This leads to a more general concept of "annotation", where the data
model specification supports "annotating" the validated instance by
optionally supplying information in the model.
(The annotated result is a special case of a "post-schema validation
instance" [PSVI], here one where the data item itself is only
augmented, not changed, by the process.)¶
Annotations could in turn provide input to further validation steps, as is often done with Schematron validation in Relax-NG; with an appropriate evaluation language this can be used for checking co-occurrence constraints (Section 5 of [I-D.draft-bormann-cbor-cddl-freezer]).¶
Finally, annotations are a first step to transformation, i.e., describing how a validated data item should be interpreted as a transformed data item by performing certain computations.

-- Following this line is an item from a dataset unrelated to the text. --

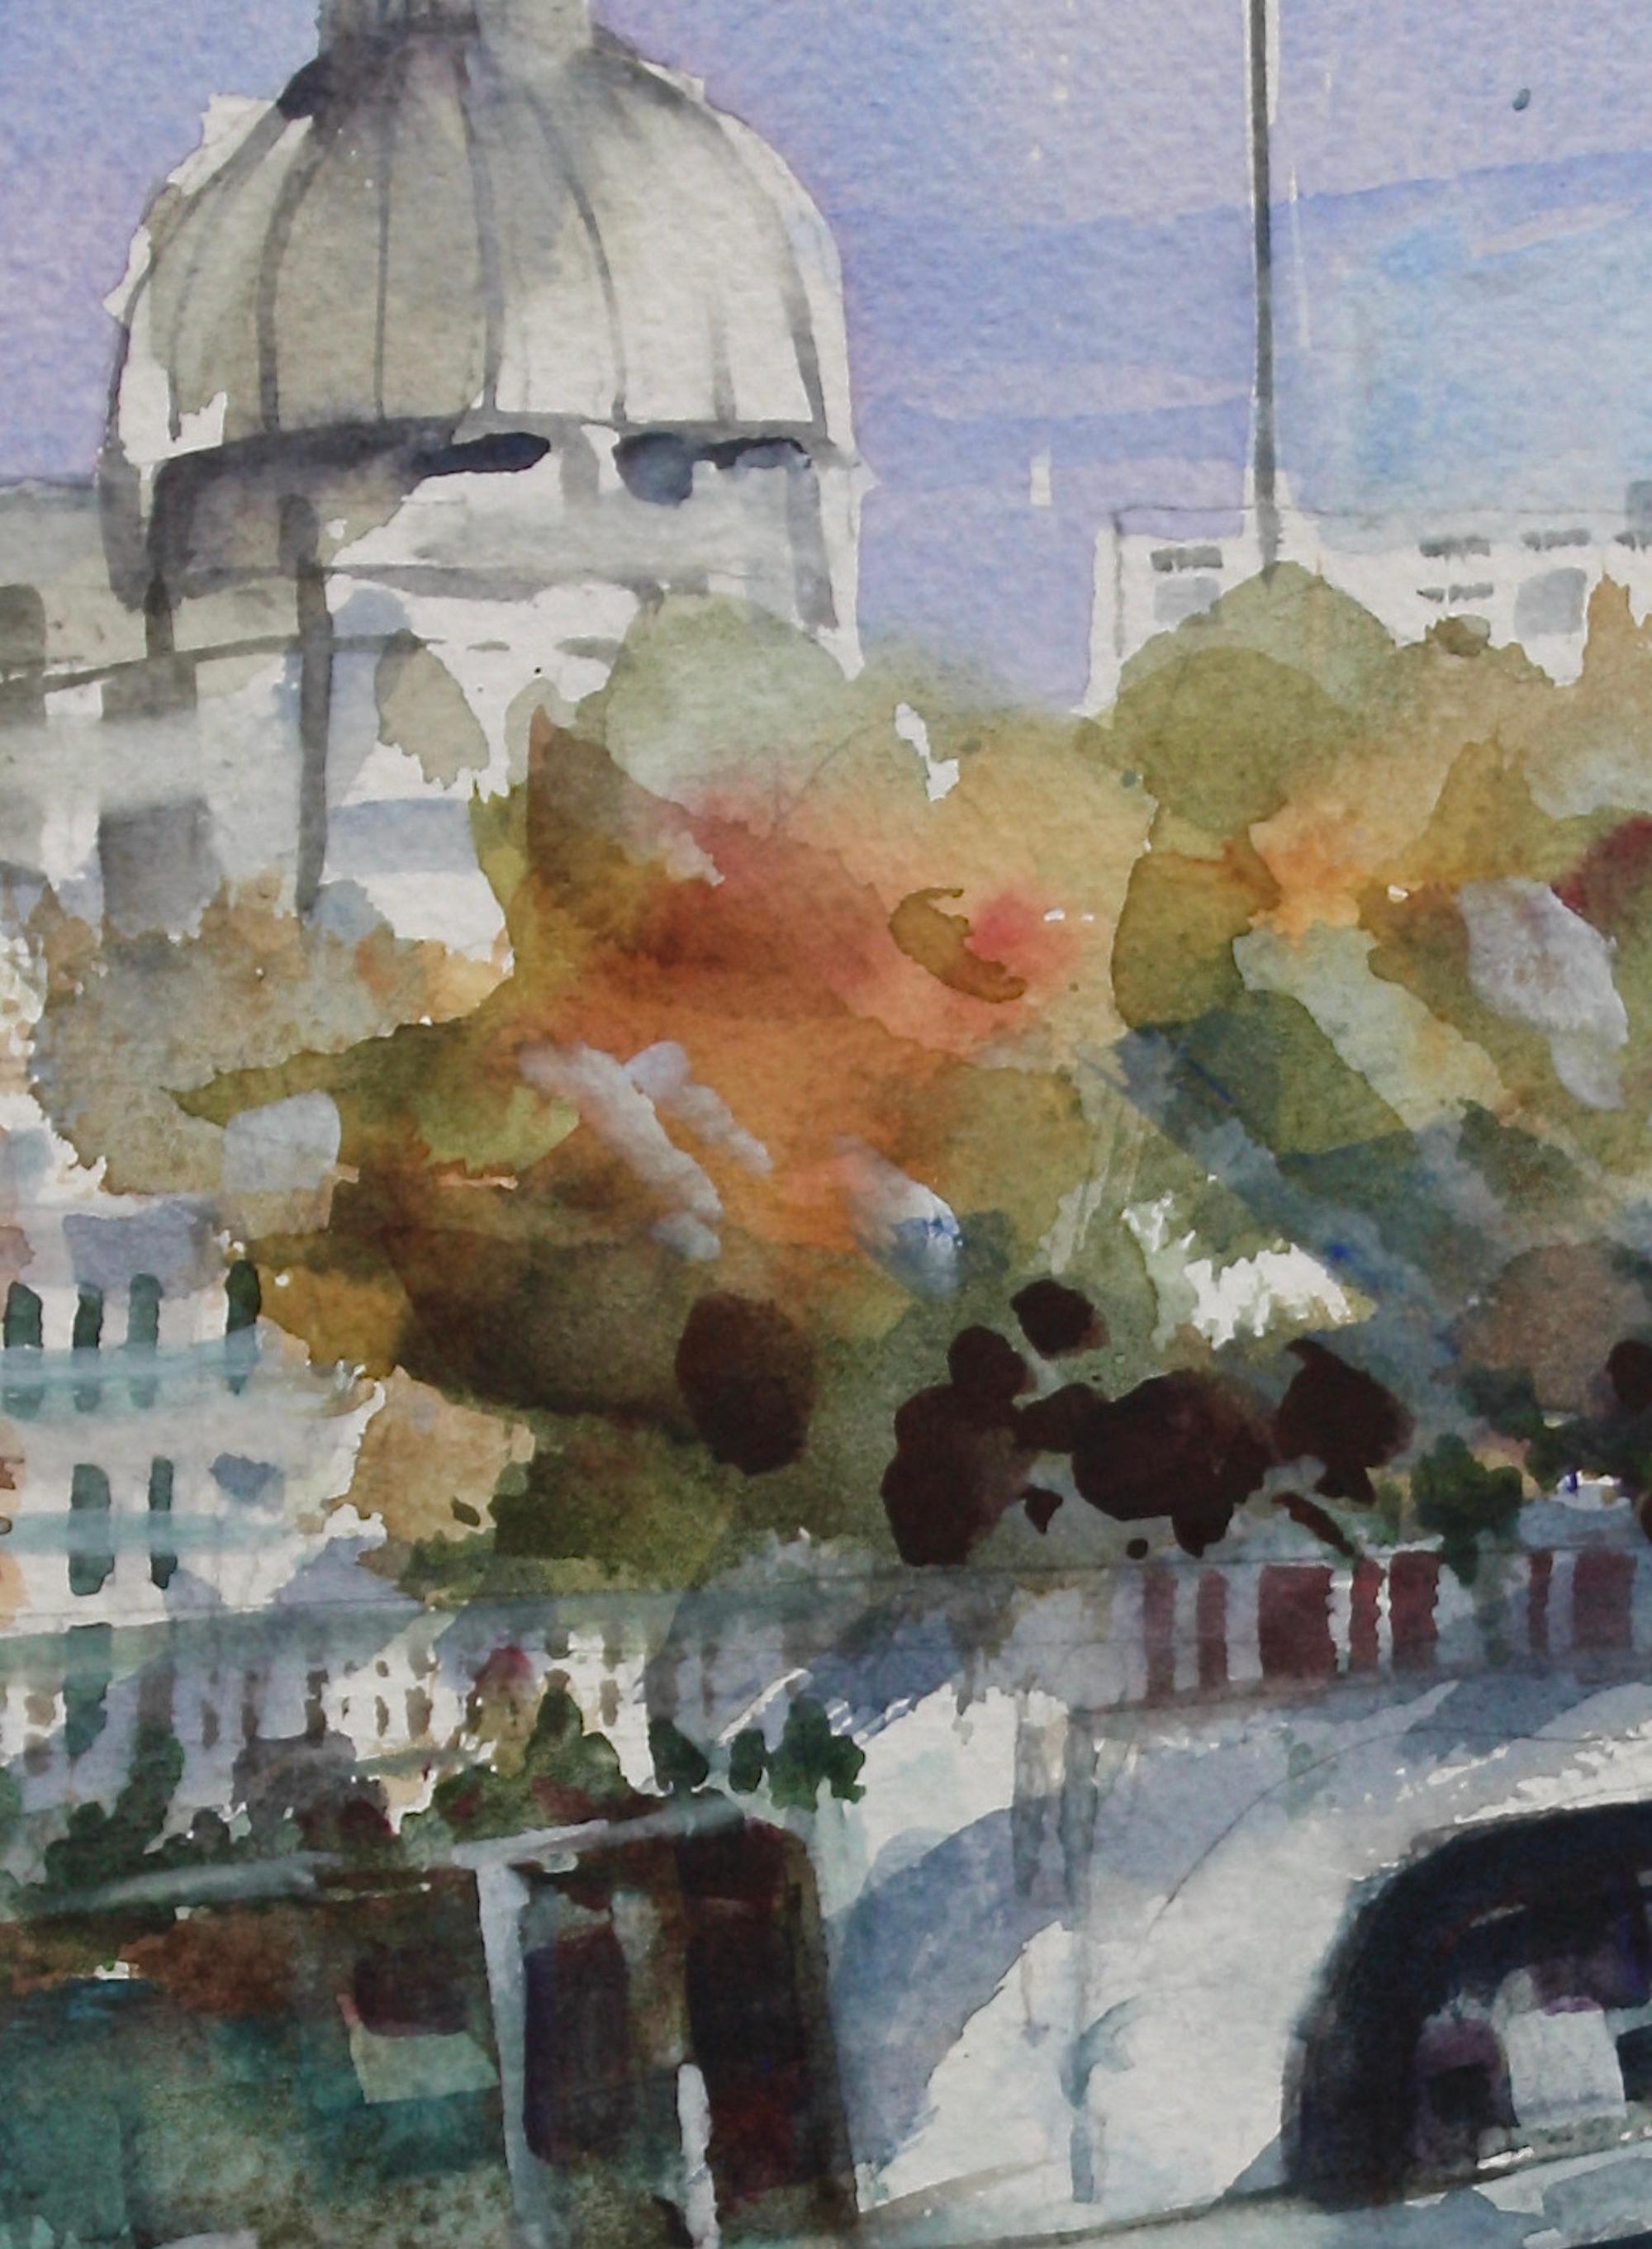 <p>Kommentare des Künstlers<br>Der Künstler Joe Giuffrida zeigt eine impressionistische Szene des berühmten Flusses Tiber. Von der Kurve aus hat man einen herrlichen Blick auf die schöne Kreuzung und die beeindruckende Architektur mit der
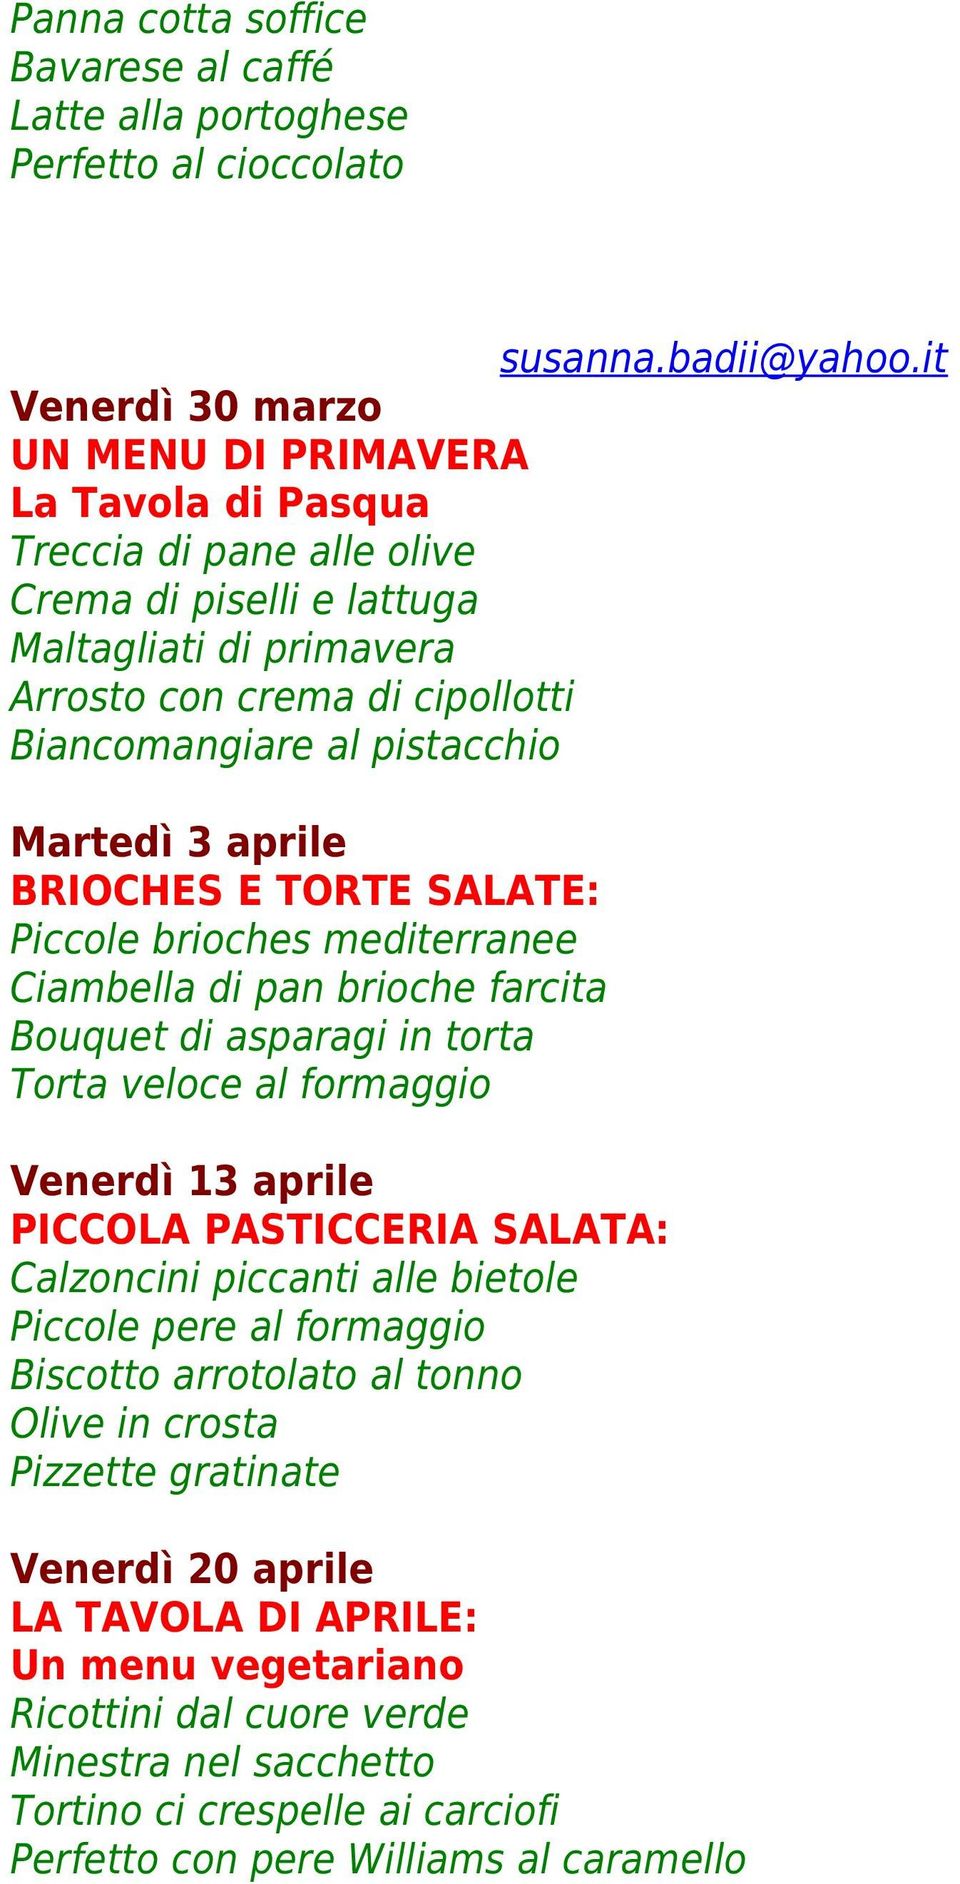 Bouquet di asparagi in torta Torta veloce al formaggio Venerdì 13 aprile PICCOLA PASTICCERIA SALATA: Calzoncini piccanti alle bietole Piccole pere al formaggio Biscotto arrotolato al tonno Olive in

This generally requires even more support from an evaluation language, simple transformations such as adding in default values may not need much support though.¶
At this time, existing experimental implementations do not lead to a clear choice for what processing model enhancements should be in CDDL 2.0. This document proposes to continue the experimentation and document good approaches.¶
collection of rough ideas with examples; initial subset implemented¶
bidirectional (both backward and forward)¶
Originally, CDDL was used for small data models that could be expressed in a few lines. As the size of data models that need to be expressed in CDDL has increased, the need to modularize and re-use components is increasing.¶
CDDL 1.0 has been designed with a crude form of composition: Concatenating a number of CDDL snippets creates a valid CDDL data model unless there is a name collision (identical redefinition is allowed to facilitate this approach). With larger models, managing the name space to avoid collisions becomes more pressing.¶
The knowledge which CDDL snippets need to be concatenated in order to obtain the desired data model lives entirely outside the CDDL snippets in CDDL 1.0. In CDDL 2.0, rules will be packaged as modules and referenced from other modules.¶
There needs to be some control of namespace pollution, as well as unambiguous referencing into evolving specifications ("versioning") and selection of alternatives (as was emulated with snippets in Section 11 of [RFC8428], although an alternative approach for expressing variants is demonstrated in [useful] based on Section 4 of [RFC9165]).¶
One approach to achieve the module structure that is friendly to existing environments that operate with CDDL 1.0 snippets and CDDL 1.0 implementations is to add a super-syntax (similar to the way pragmas are often added to a language), e.g., by carrying them in what is parsed as comments in CDDL 1.0.¶
This enables each module source file to be valid CDDL 1.0 (if missing some rule definitions to be imported).¶
A convention for mapping CDDL-internal names to external ones could be developed, possibly steered by some pragma-like constructs. External names would likely be URI-based, with some conventions as they are used in RDF or Curies. Internal names might look similar to XML QNames. Note that the identifier character set for CDDL deliberately includes $ and @, which could be used in such a convention.¶
Note that this convention should not pollute the actual contents of the model, where adding a simple prefix to rule names defined elsewhere may be all that is needed.¶
A single CDDL file becomes a module by processing the (zero or more) directives in it.¶
The semantics of the module are independent of the module(s) using it, however, using a module may involve transforming its rule names into a new namespace.¶
Directives look like comments in CDDL 1.0, so they do not interfere with forward compatibility.¶
Lines starting with the prefix ;#
are parsed as directives in CDDL
2.0.¶
For now, we assume that module names are filenames taken from one of several sources available to the CDDL 2.0 processor via the environment. This avoids the need to nail down pathnames or partial URIs into the CDDL files.¶
In the CDDL 2.0 Tool described in Appendix B, the set of sourced is
determined from an environment value, CDDL_INCLUDE_PATH
, which is
modeled after usual command-line search paths.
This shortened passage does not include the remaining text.